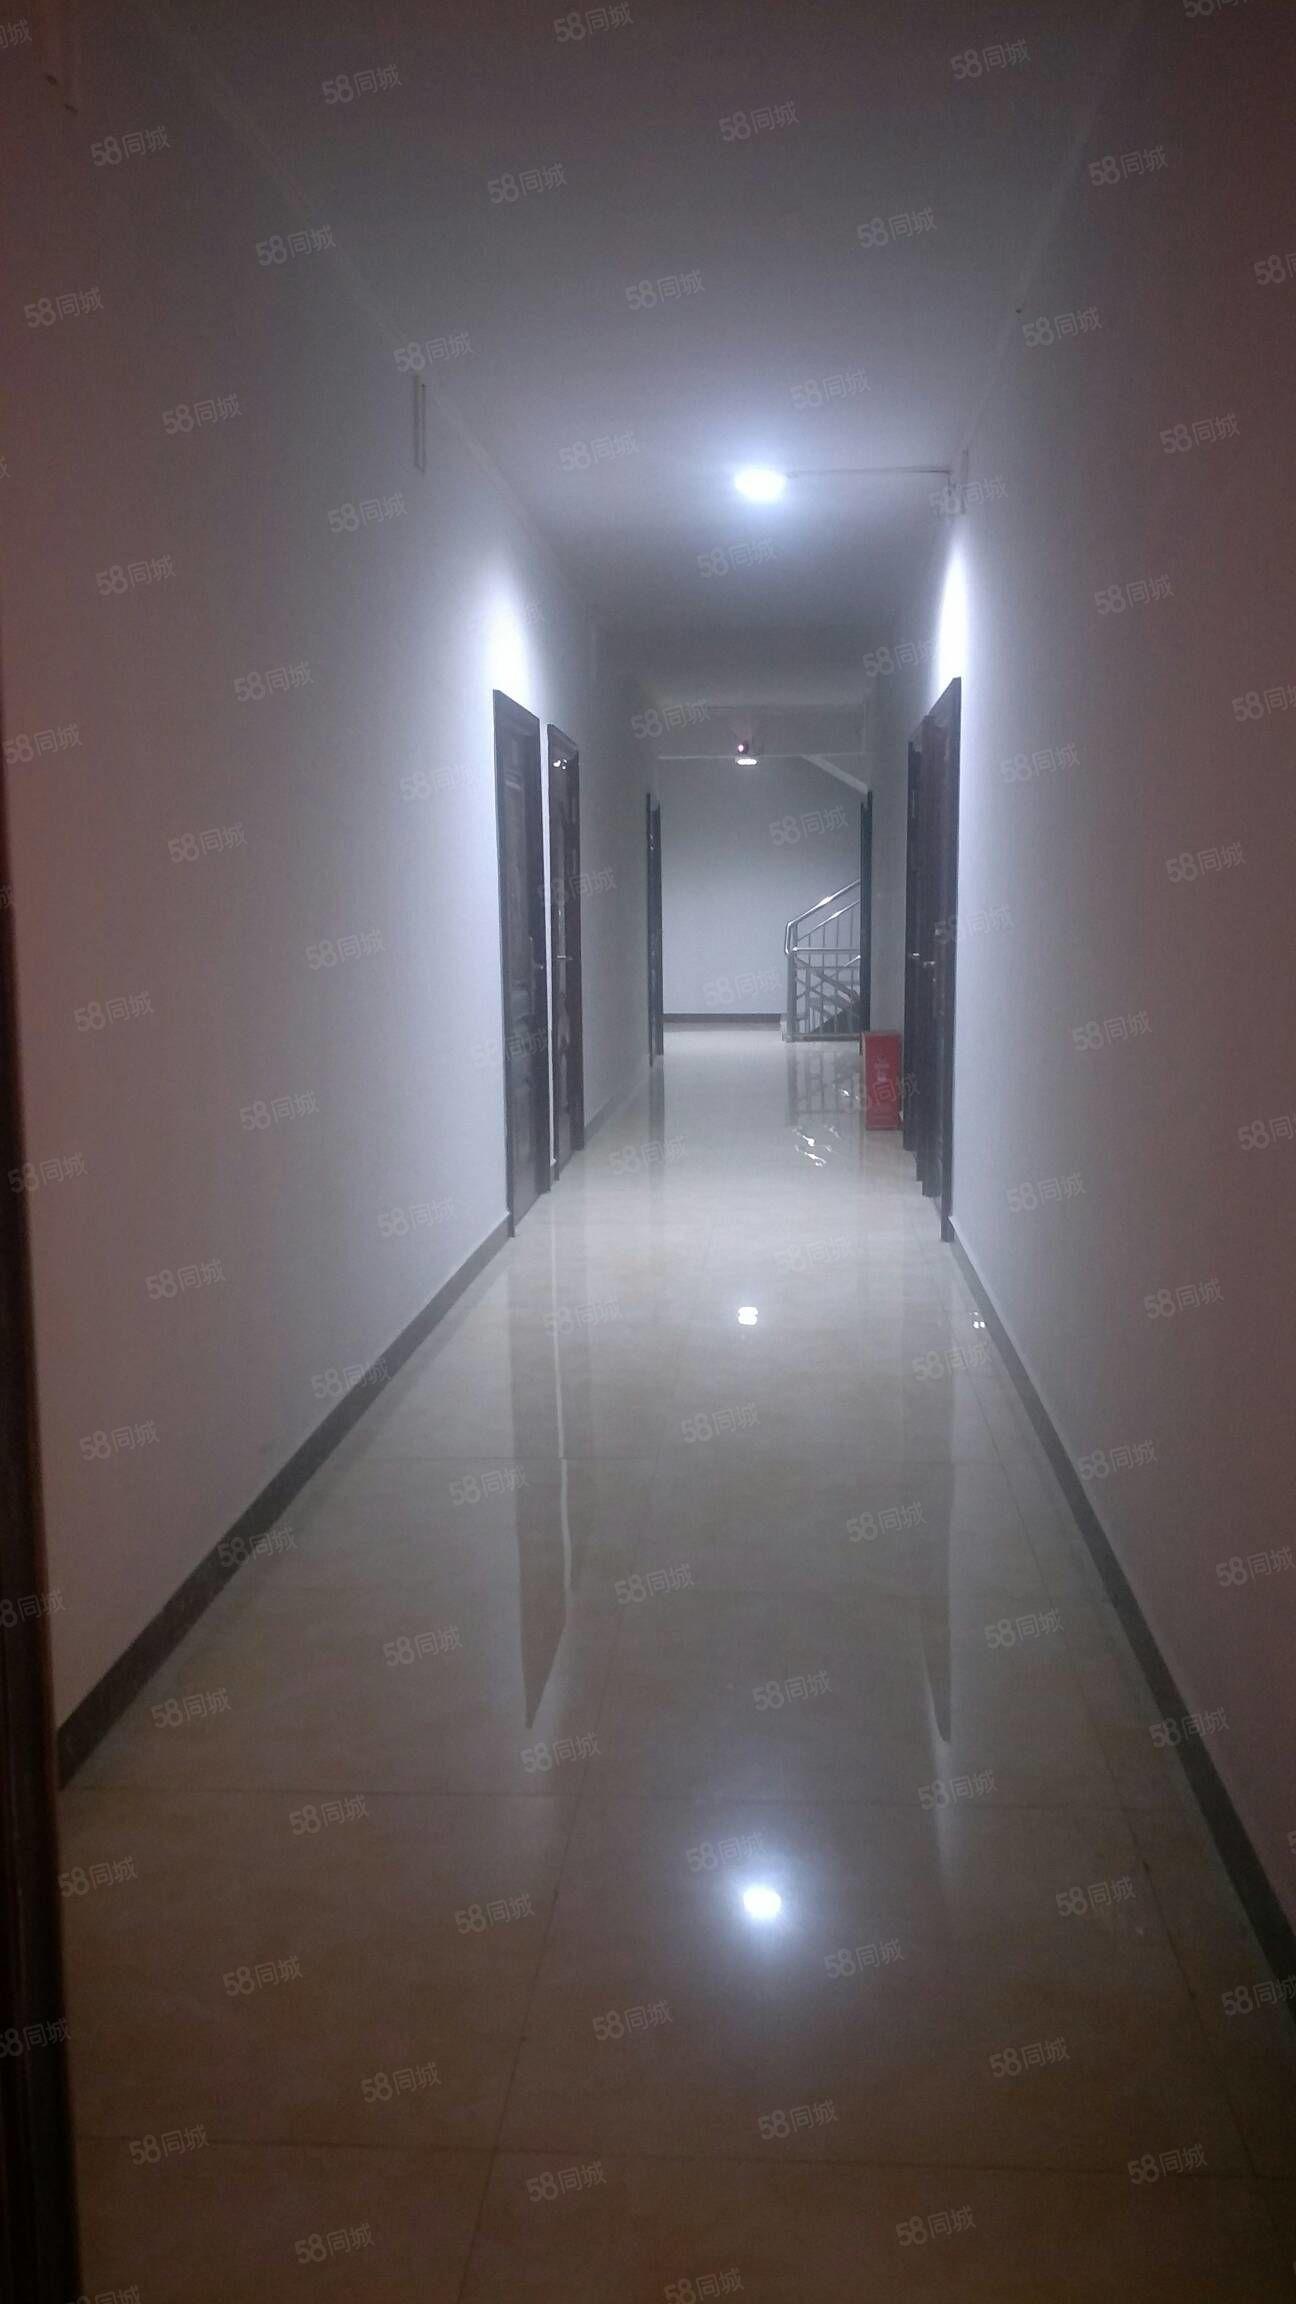 金码头电梯房一室一厨一卫全装修带热水器空调,免费无线网,
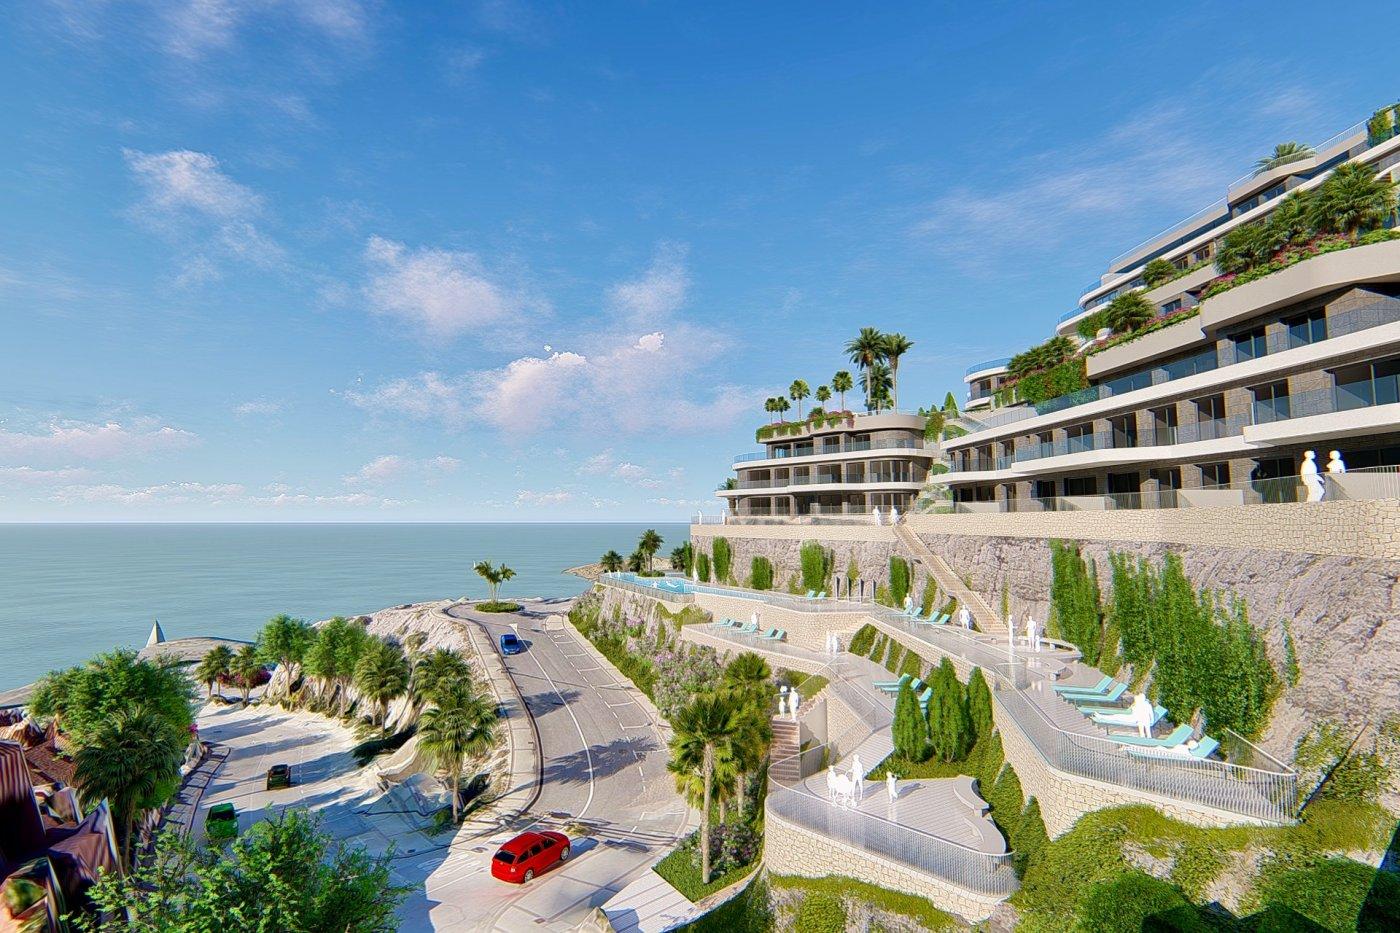 Galleribillede 4 of Uovertruffen panorama udsigt - 3 værelses luksus lejlighed med 2 badeværelser
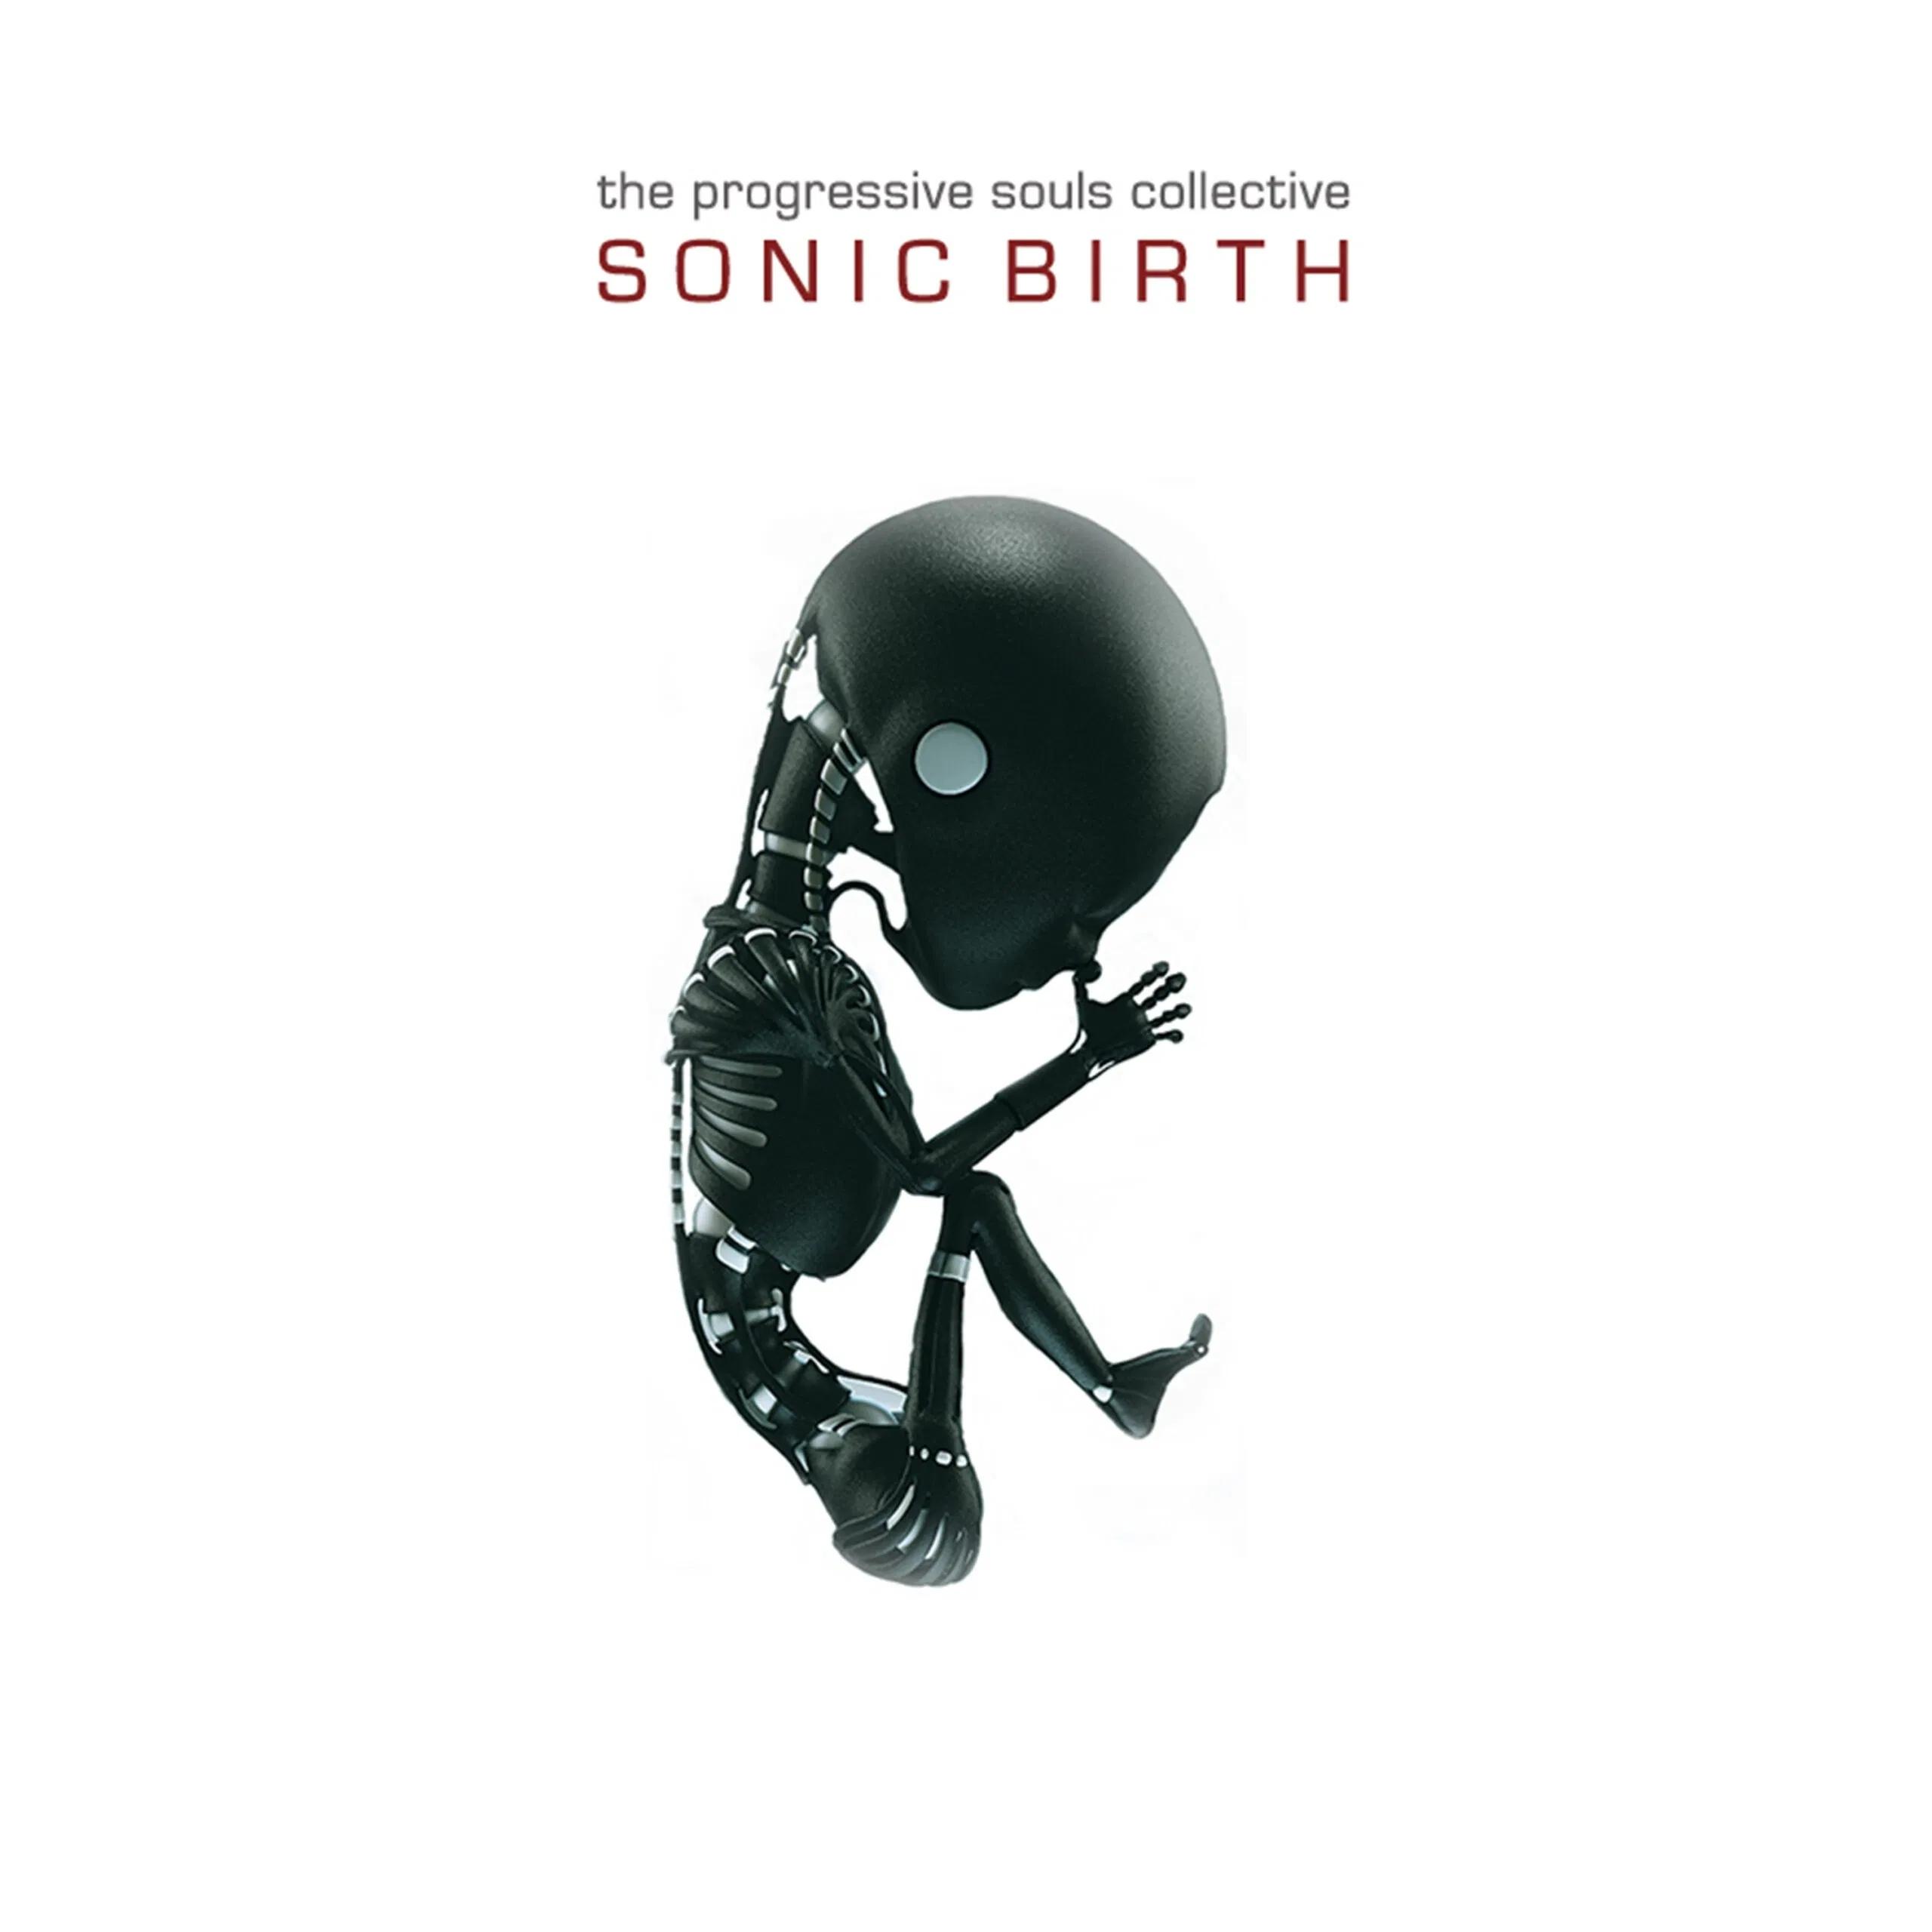 The-Progressive-Souls-Collective-Sonic-Birth

● ● ● ●

EXERCISE AIM:
Your copy should hold only the lines from the one containing "Galleribillede 4 of" through the last line of the listing, both included, retyped exactly and free of pictures.

RESULT OF THIS TASK:
 Galleribillede 4 of Uovertruffen panorama udsigt - 3 værelses luksus lejlighed med 2 badeværelser
 The-Progressive-Souls-Collective-Sonic-Birth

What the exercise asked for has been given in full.